Plasma IL-2 concentrations were measured by High Sensitivity ELISA (eBioscience) and soluble IL-2 receptor-α concentrations were measured by Quantikine ELISA (R&D Systems), per the manufacturer’s instructions, using cryopreserved plasma samples.
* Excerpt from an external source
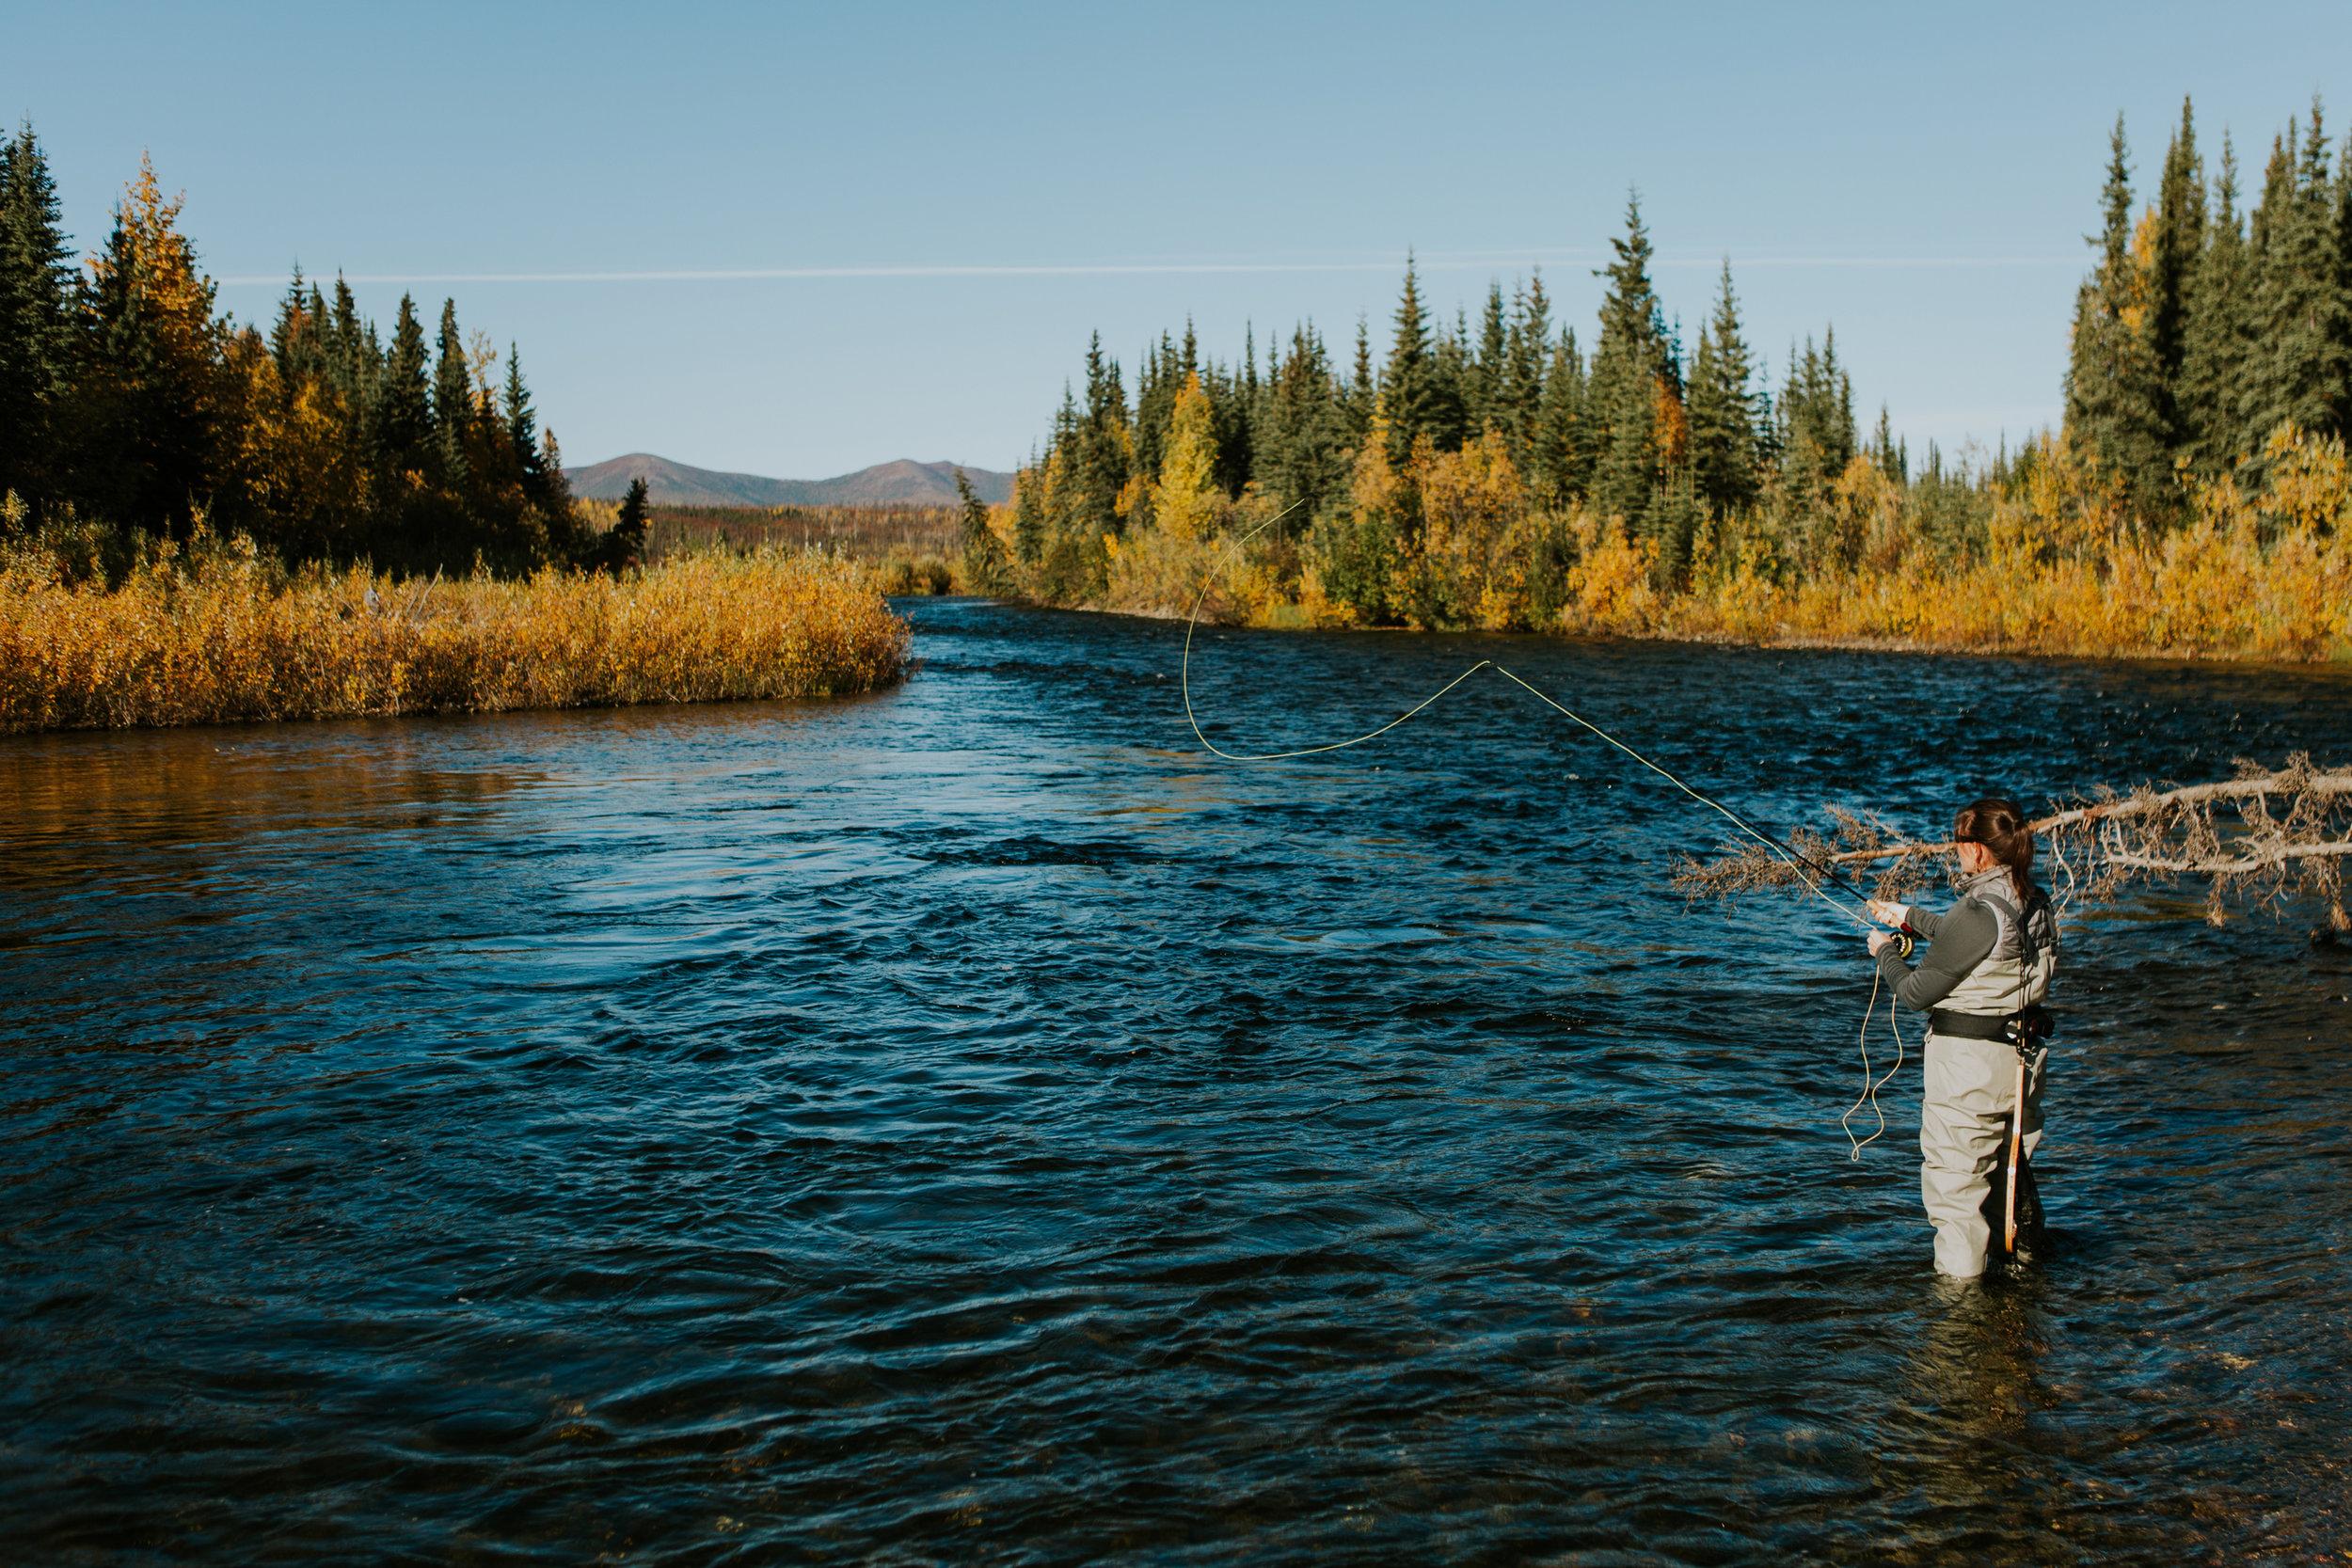 CindyGiovagnoli_Alaska_KoyukukRiver_SukakpakMountain_JimRiver_ArcticCircle_fly_fishing_September-063.jpg

Additional plasma cytokine and chemokine concentrations were assessed using the Cytokine 25-Plex Human Panel (Invitrogen, LHC0009M; Thermo Fisher Scientific). Assays were performed in duplicate according to the manufacturer’s recommended protocol, analyzed using the Luminex FlexMAP 3D system, and quantified by standard curve extrapolation.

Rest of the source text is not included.